India is setting up a Rs 33,000 crore ($4 billion) fund to provide liquidity to its corporate debt markets in times of stress, an SBI mutual fund executive told Reuters, to help stem panic selling and ease Redemption pressure.

The government will finance 90% of the fund, and asset managers will contribute the rest, said D.P. Singh, vice president.

SBI Mutual Funds, a unit of State Bank of India, India’s largest state lender, manages the backing fund first proposed by the Securities and Exchange Board of India (SEBI) in 2020 after a high-profile default that rocked the domestic bond market.

In times of stress, backing funds can go into the market to buy relatively illiquid investment-grade bonds.

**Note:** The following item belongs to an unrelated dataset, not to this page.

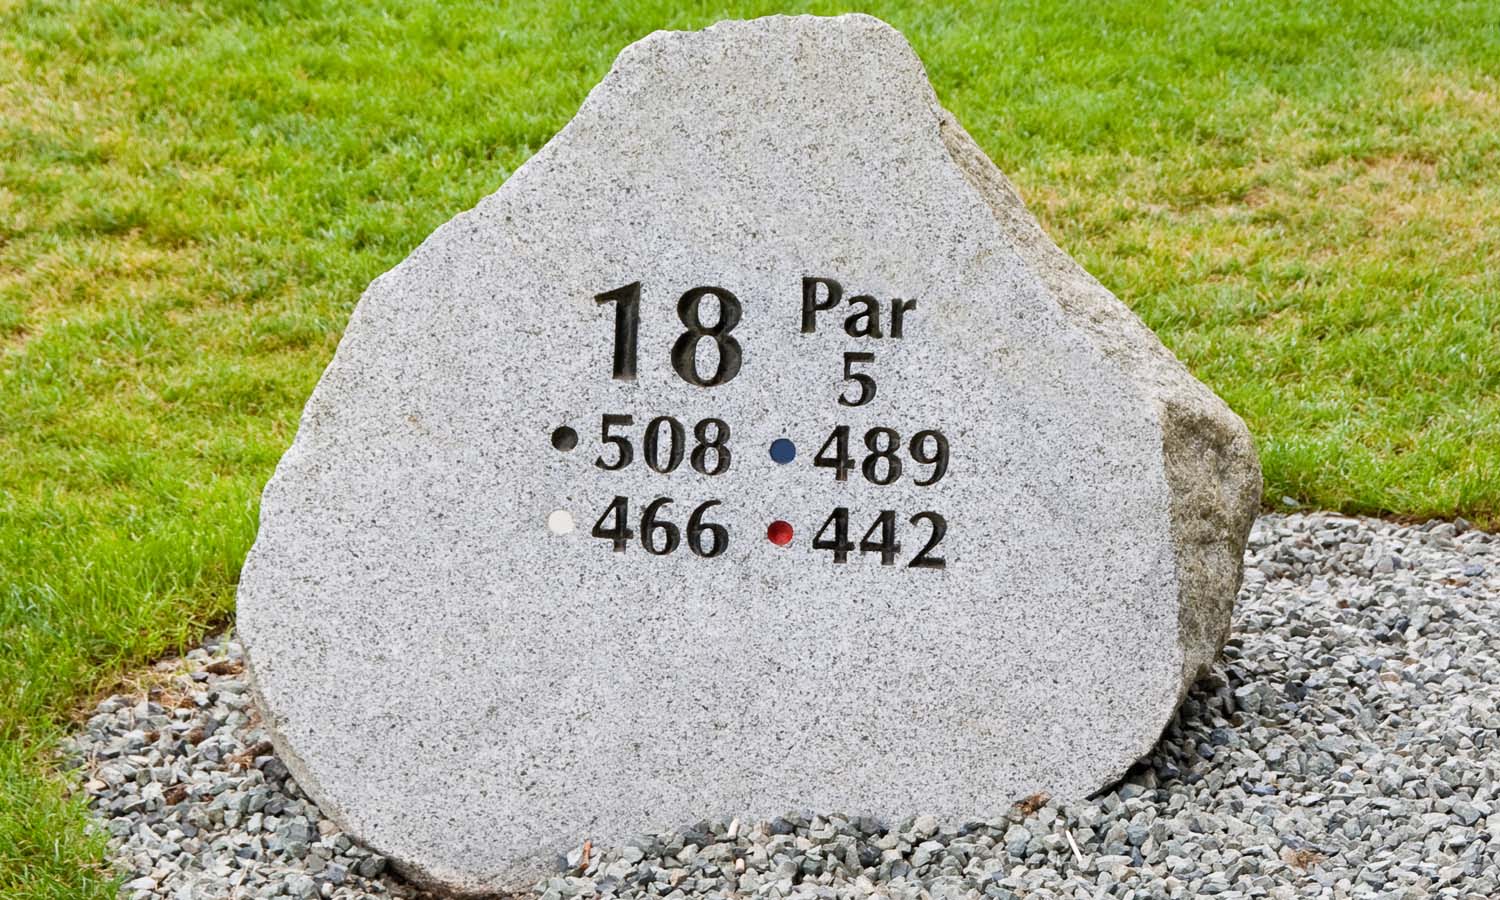 stone marker list the par of a golf hole

Franklin Templeton India’s move to halt redemptions by six debt funds in April 2020 underscores the need for buyers and sellers of last resort in corporate bonds as investors withdraw funds and fund houses cannot sell their bond investments in the market.

Finance Minister Nirmala Sitharaman announced last year that the government had accepted SEBI’s proposal for the fund but gave no details.

The fund will be operational within three months, a person familiar with the plans told Reuters.

The people said the fund is small relative to India’s Rs 39 trillion ($471 billion) corporate bond market, but its size could increase later.